The device is connected, proven, and scoped to its job. Now it's doing the thing it exists to do: sending data. A connected product is, underneath, a data pipeline with a radio on one end — and that data has to be protected on two axes people constantly collapse into one: in motion (crossing the wire) and at rest (sitting in storage). And before either, the question most teams skip: which of this data actually needs protecting, and how much?

In motion: no plaintext hop, ever

The handshake already gave us an encrypted channel from device to cloud. The discipline is keeping it encrypted on every hop after that one: broker → stream processing → storage → the API that serves it back.

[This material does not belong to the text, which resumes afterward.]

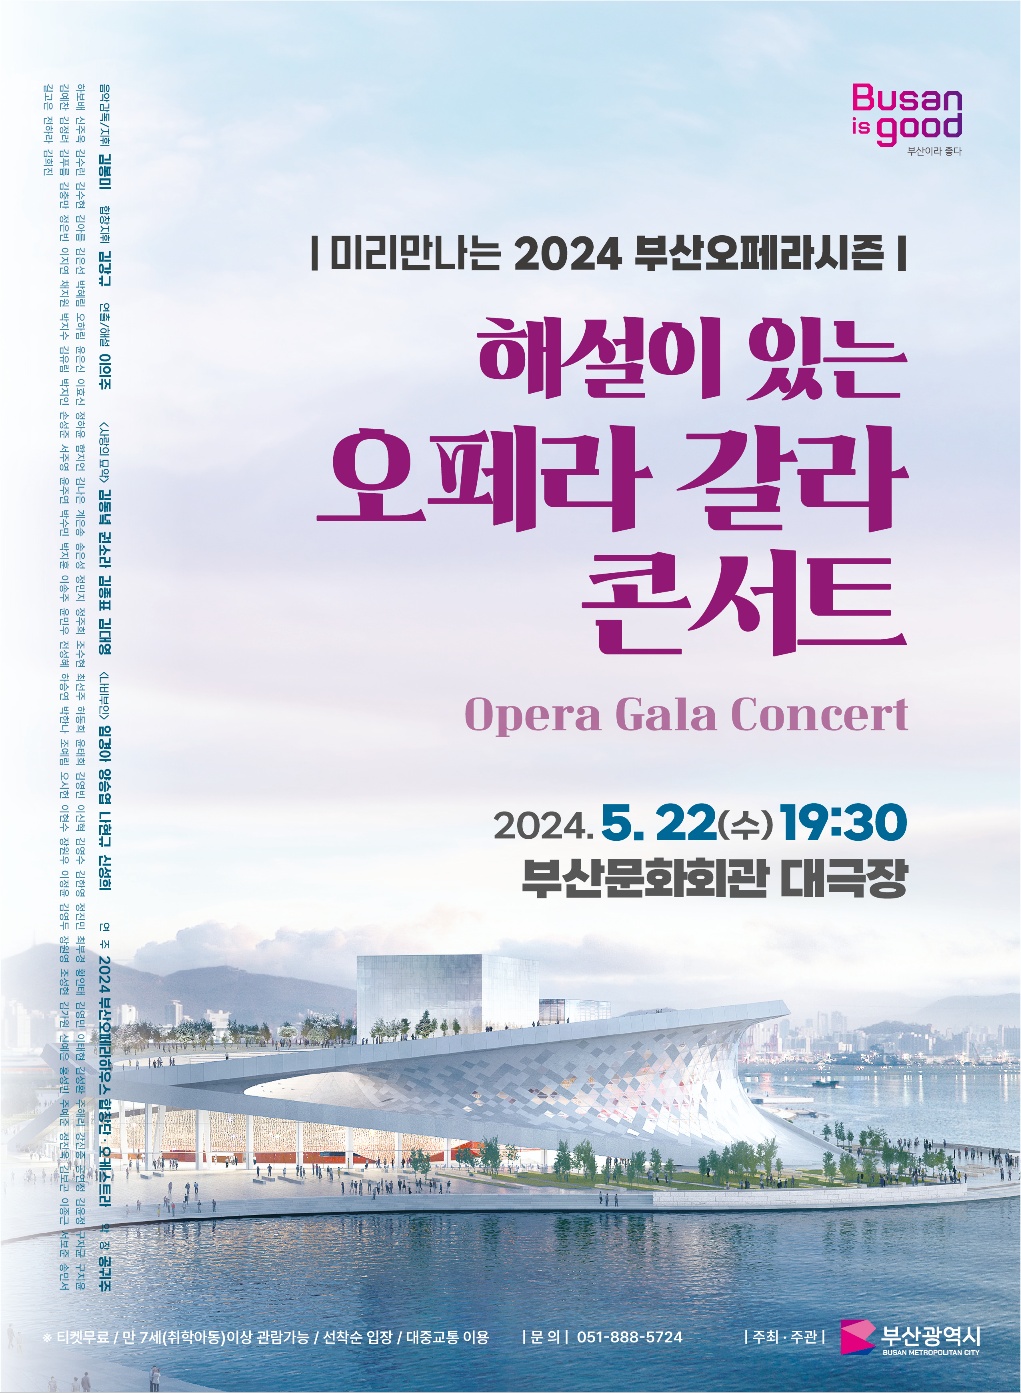 미리만나는 2024 부산오페라시즌 - 해설이 있는 오페라 갈라 콘서트

TLS everywhere, and actively deny the absence of it. On AWS, an S3 bucket policy that denies requests where aws:SecureTransport is false means a non-TLS request is rejected outright — not allowed-with-a-warning, rejected. Take the same posture at every hop. There is no "it's the internal network, it's fine" exception; the hop you didn't encrypt is the one in the breach writeup.

At rest: encrypted, with keys you rotate

Storage encrypted with managed keys — AWS KMS, a per-table or per-bucket customer-managed key (CMK) with rotation enabled. Azure Key Vault and GCP KMS are the equivalents.

The point of a CMK over the provider's default key is control: you rotate on your schedule, you can audit every decrypt call (CloudTrail logs them), and you can revoke. Encryption at rest with a key you can't see being used or rotate is half a control.

Data is encrypted in motion and at rest: across the pipeline — device, broker, stream processing, store — every hop is TLS-encrypted (in motion), and the store is encrypted with a managed key you control and rotate (at rest).

Not all data is equal — classify it

You can't protect everything to the same degree without wrecking either cost or utility. So classify it, then treat each tier on its merits:

  • Direct identifiers (an operator's email, a serial tied to a person) → hash with a rotating salt. You can still match records; you can't read the value.
  • Quasi-identifiers (operator ID, a name) → tokenize to a stable random string, namespaced per data domain so a token from one table can't be joined against another.
  • Sensitive attributes (GPS, biometrics) → generalize. GPS snapped to a 1 km grid is useful for "where do failures cluster" and useless for following a specific person home.
  • Behavioral data (battery level, torque readings, usage minutes) → keep as-is. It's the product, and it isn't about a person.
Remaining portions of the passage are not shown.